2) Use a very short heavy duty extension cord (microwave or air conditioner rated) to plug into a three prong outlet.  Would I be able to use a power strip for this setup (with only the microwave on the strip)?

I know each might be a little risky.  The extension cord is my preference for ease of use, but I'd like some advice/opinion as to whether one is safer than the other, particularly in an old home.  I've seen plenty of warnings about extensions cords/power strips, but know I need to use a heavy duty one.  Would a microwave AND fridge be too much for one outlet?  I do plan on having the microwave plugged in only when I'm using it.  Thanks for your advice!


----------



## Wuzzat? (Feb 23, 2010)

If the cord's plugs and sockets don't get warm during use you're OK for safety.
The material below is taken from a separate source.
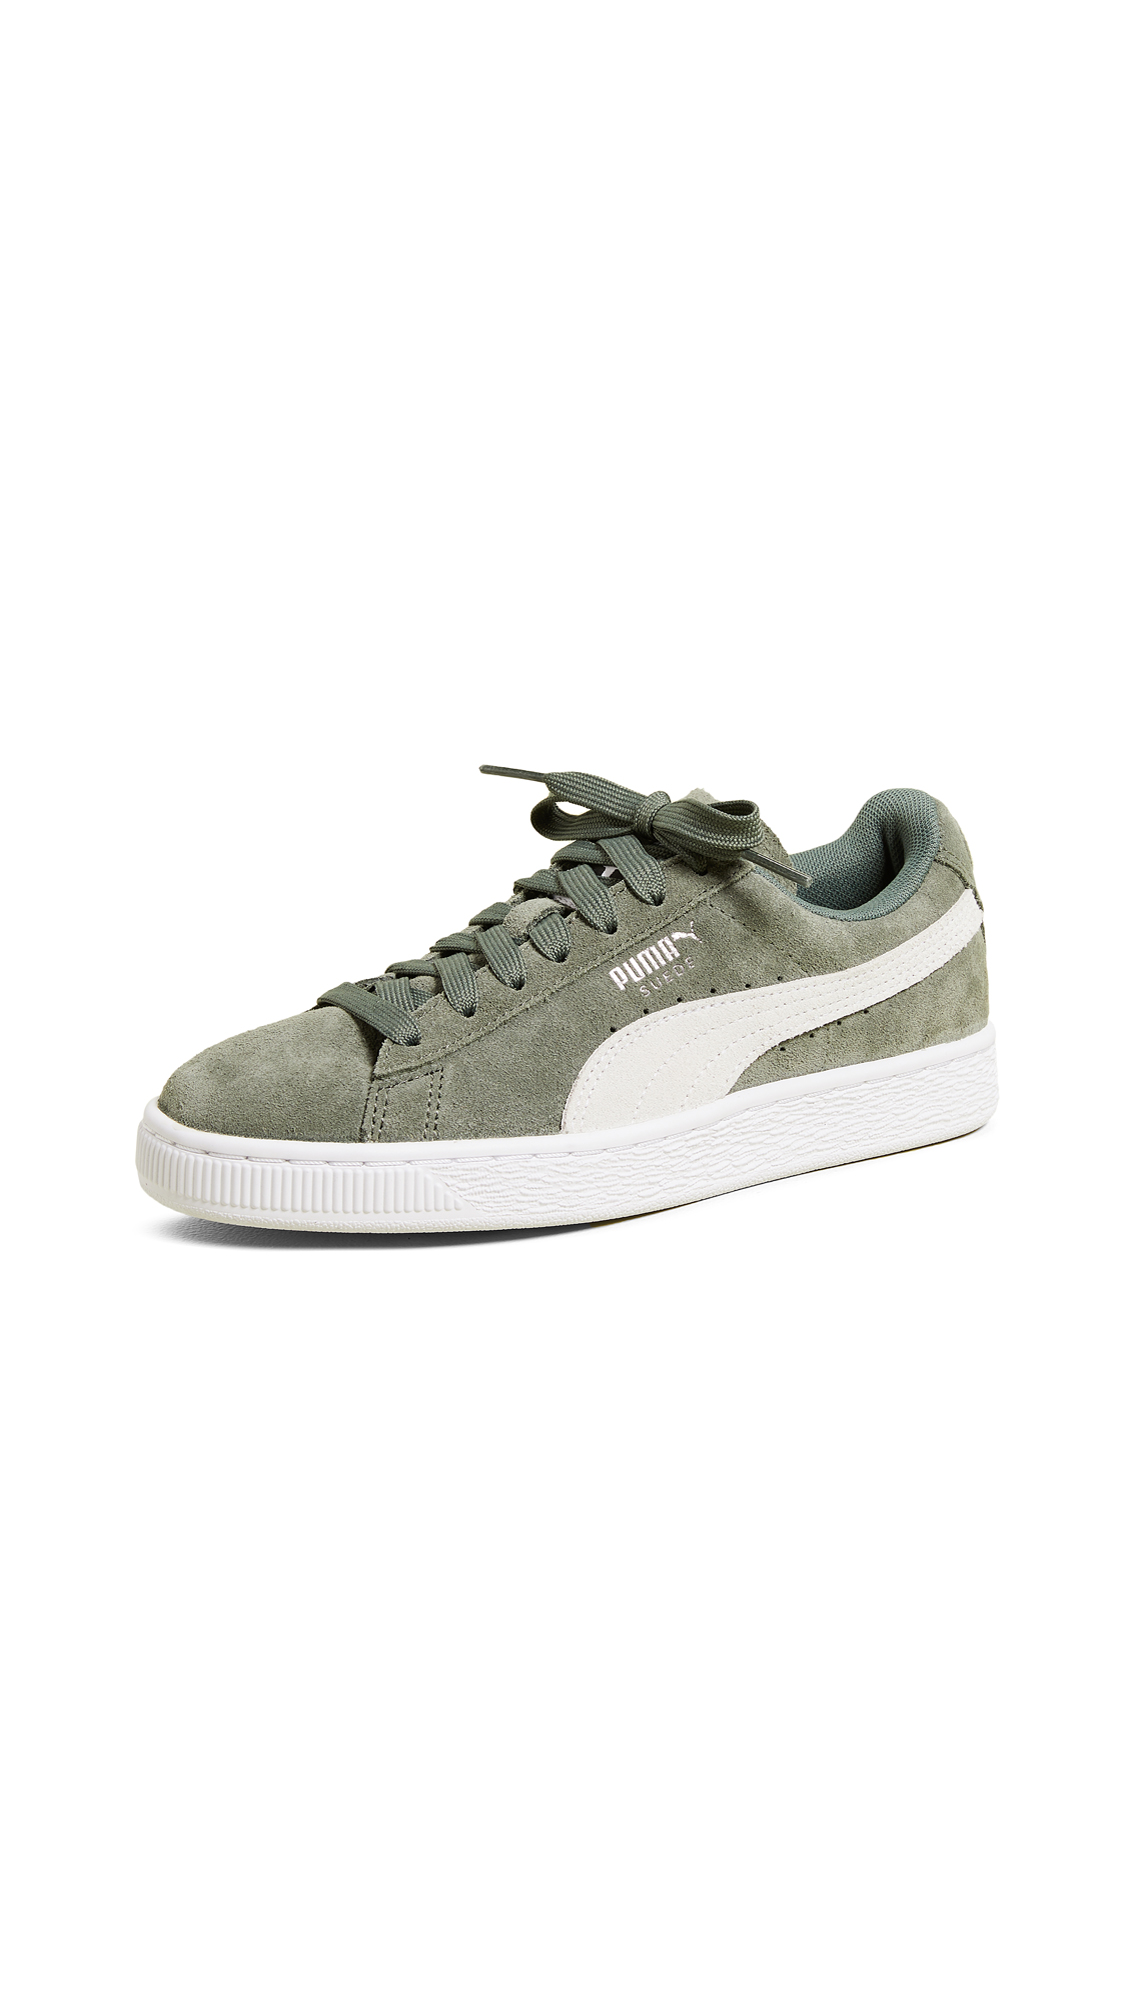 PUMA Suede Classic Sneakers - Laurel Wreath/Puma White

Popping circuit breakers are another issue.  
If the microwave is running when the fridge starts up the breaker might trip, depending on the breaker's trip "trip curve" or the fuse's "clearing time".  
Look at the nameplate current draw on each appliance.


----------



## breid1903 (Feb 26, 2010)

do you or anyone you care about sleep in this home? if so do not use the hot cord method of circuit testing. either hire a license or buy yourself an amprobe to test the circuits to see if they will handle the amperage. breid.............:banana::banana::banana:


----------



## Wuzzat? (Feb 26, 2010)

breid1903 said:


> the hot cord method


Now it has a name: HCM!  
Actually, it only checks plug/socket contact resistance.  
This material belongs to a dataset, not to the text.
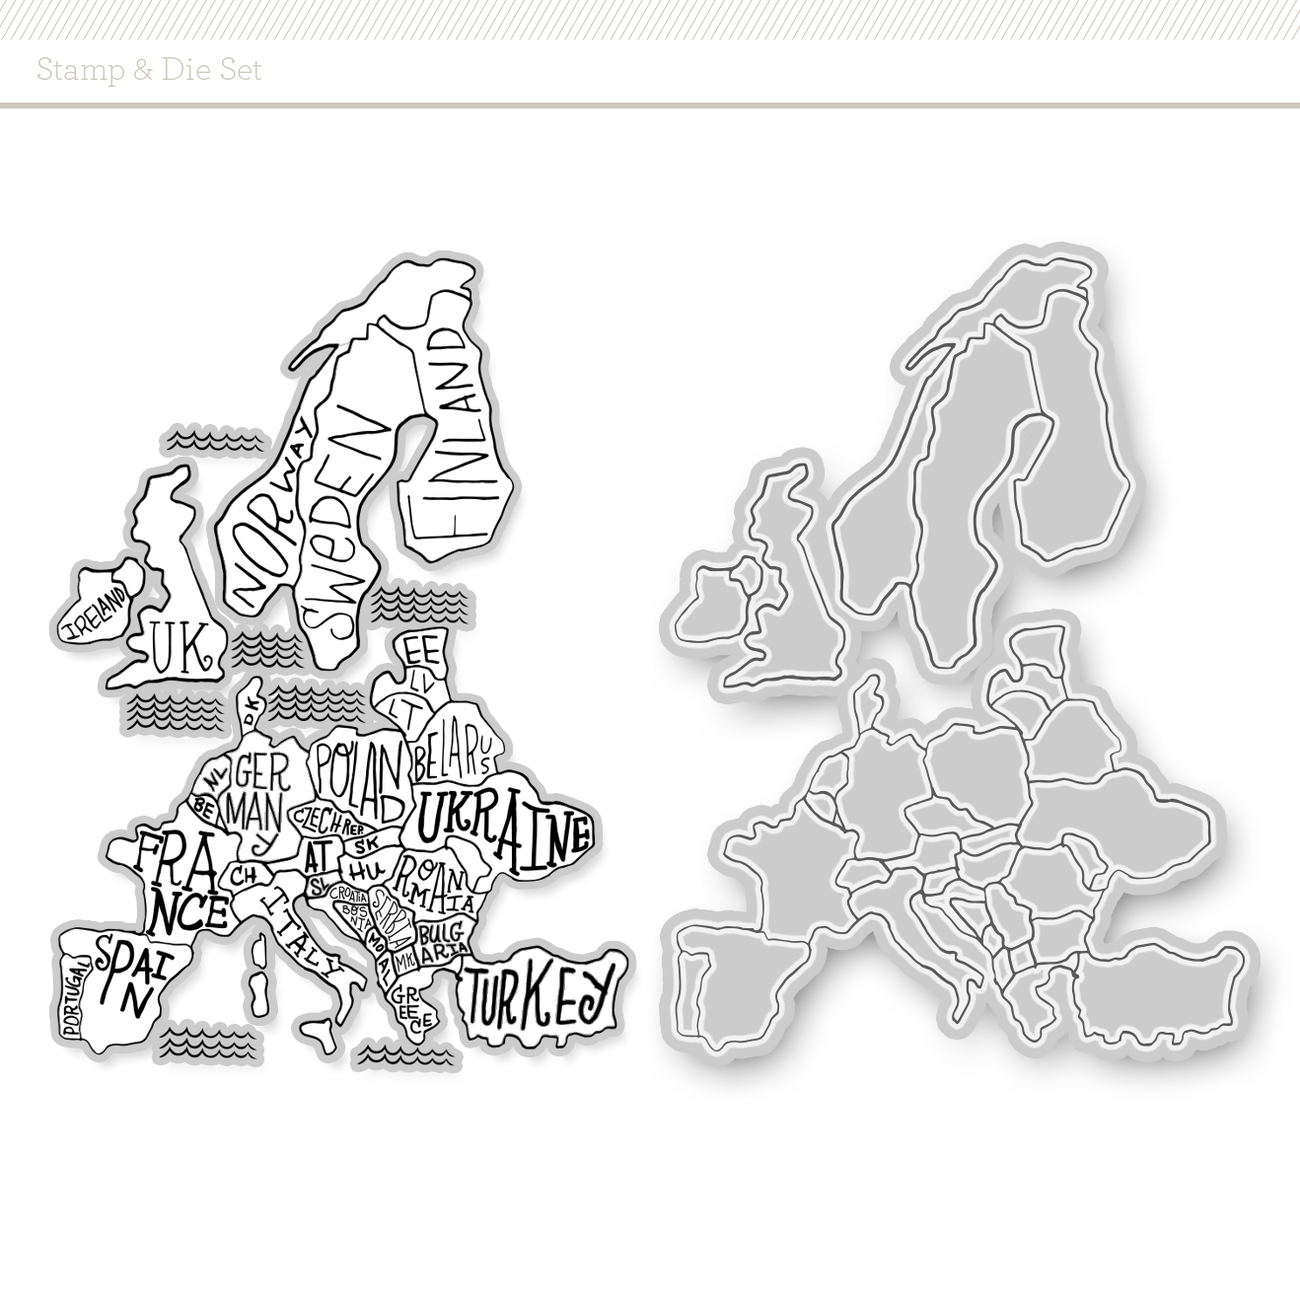 Picture 1 of Europe Stamp + Die Set

For a whole house elec. check all the way back to the pole t'former you need a DVM and a 10A load [like a hair dryer] and about 5 min per outlet.  
Or get Ideal's 65-165 tester; that thing will answer your questions before you even ask them.


----------



## breid1903 (Feb 26, 2010)

went to the ideal web site. searched for 65-165. there is nothing listed with those numbers. breid..............:banana::banana::banana:


----------



## Wuzzat? (Feb 26, 2010)

breid1903 said:


> went to the ideal web site. searched for 65-165. there is nothing listed with those numbers. breid..............:banana::banana::banana:


Yes, it's weird
[ame=http://www.google.com/search?client=safari&rls=en&q=%22we+use+the+Ideal+Model+65-165+circuit+analyzer%22&ie=UTF-8&oe=UTF-8]"we use the Ideal Model 65-165 circuit analyzer" - Google Search[/ame]

Maybe it's this
Problems with Ideal SureTest Circuit Analyzer #61-165 - InterNACHI Message Board
I know one of these gadgets was supposed to be able to test AFCIs by simulating an arc.

This type of memory
Semantic memory - Wikipedia, the free encyclopedia
is supposed to be more reliable than
Episodic memory - Wikipedia, the free encyclopedia

Maybe if I owned one I'd remember it better.


----------



## triple D (Feb 27, 2010)

It is most likely the three prong is a newer romex style wire. Plug in here with a 3-5' air conditioner rated cord.


----------